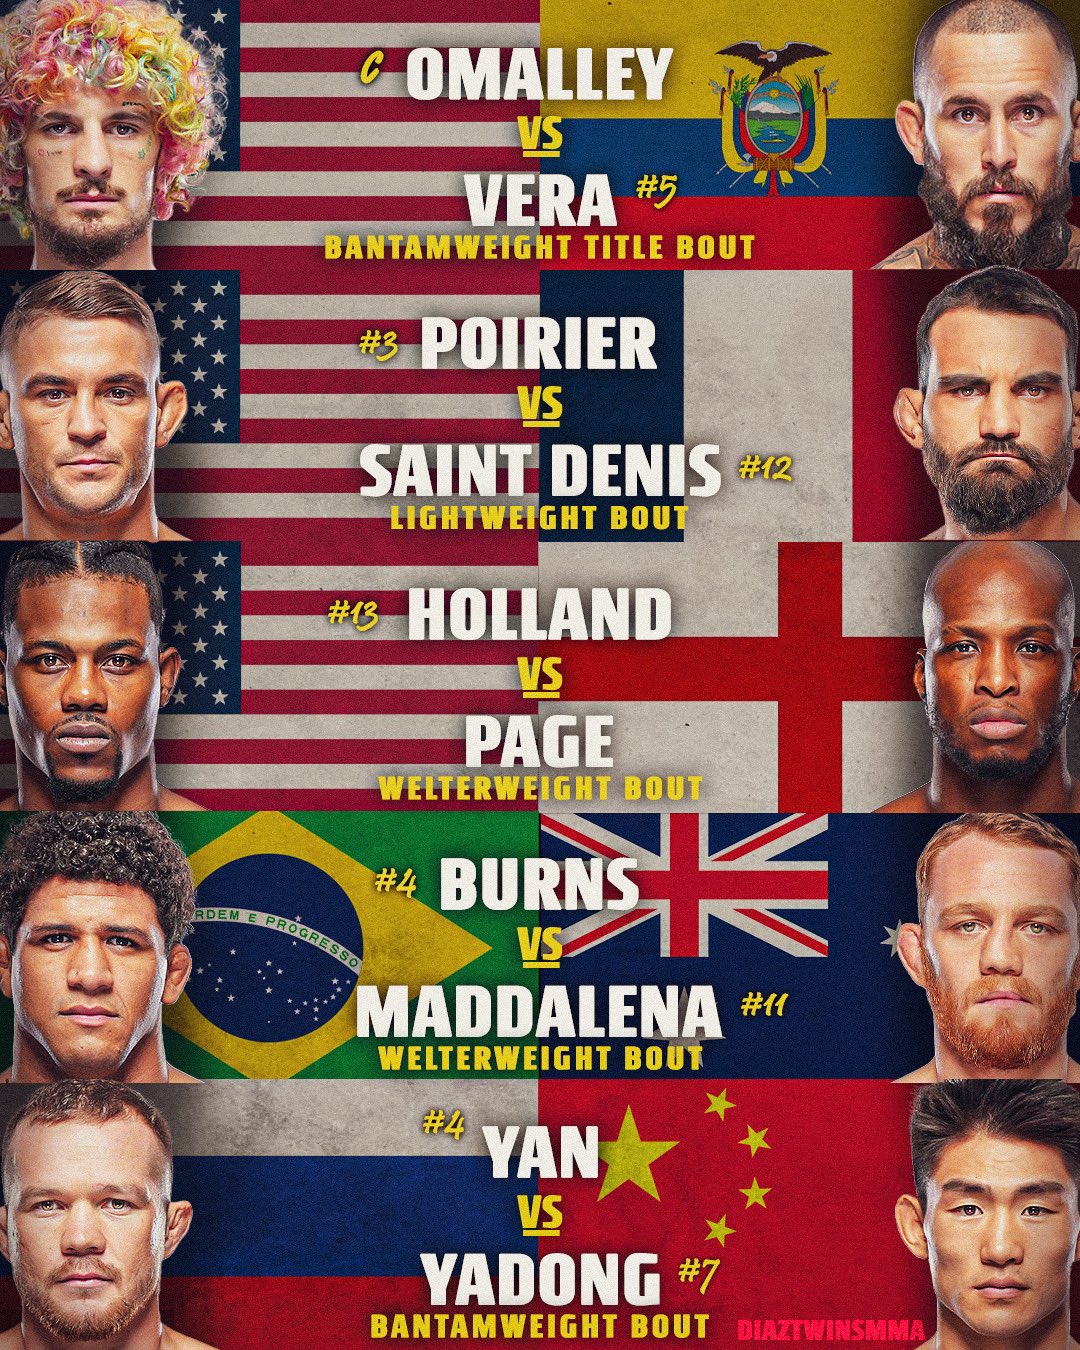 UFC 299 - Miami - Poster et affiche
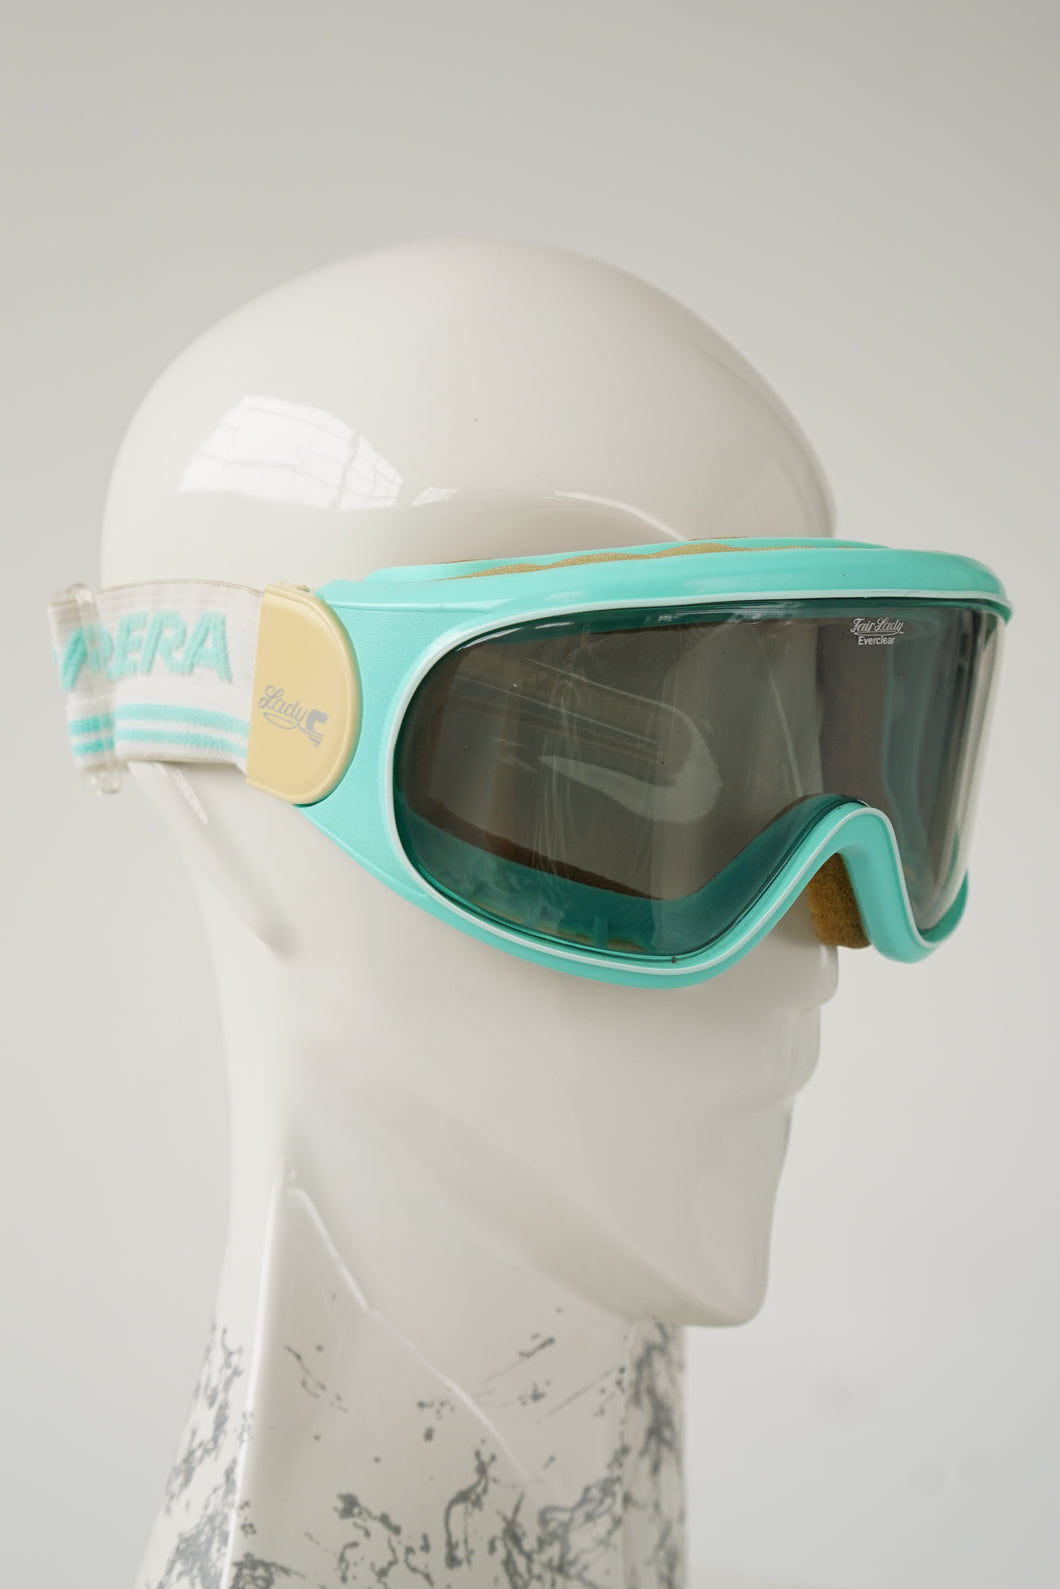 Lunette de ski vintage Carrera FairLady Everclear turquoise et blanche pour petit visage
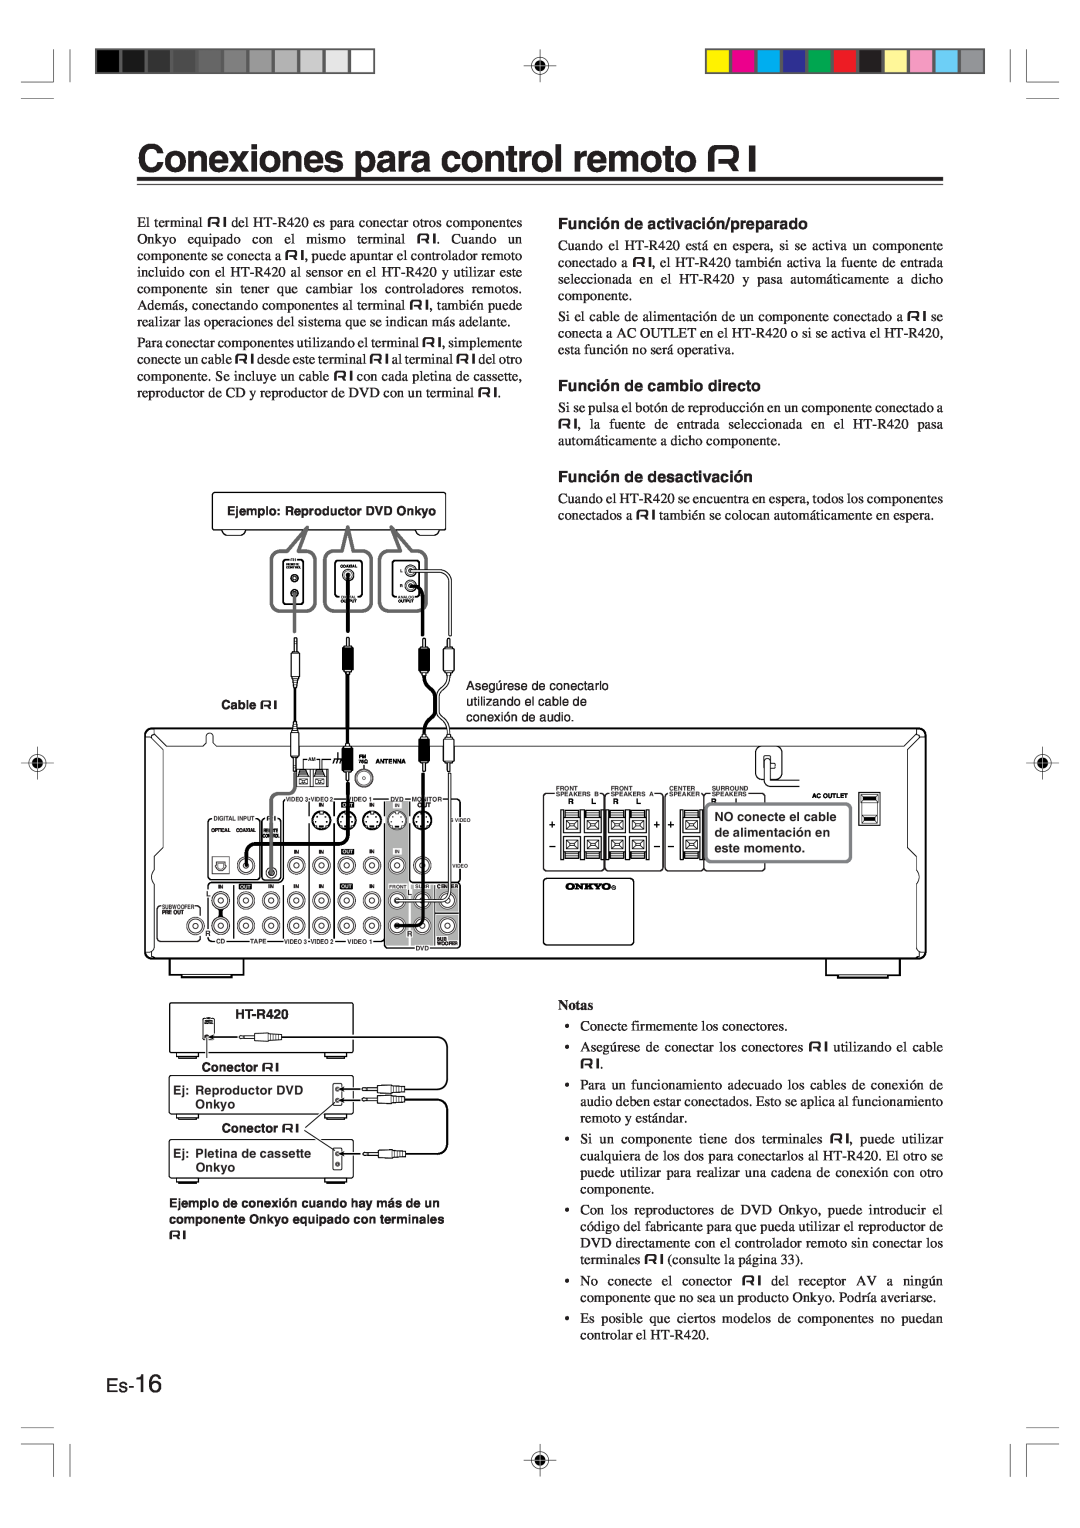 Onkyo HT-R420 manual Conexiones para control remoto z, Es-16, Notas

Try it:
Could all the data above be given again exactly, leaving out its images?

Written solution:
 UFC 299 - Miami - Poster et affiche
 Lunette de ski vintage Carrera FairLady Everclear turquoise et blanche pour petit visage
 Onkyo HT-R420 manual Conexiones para control remoto z, Es-16, Notas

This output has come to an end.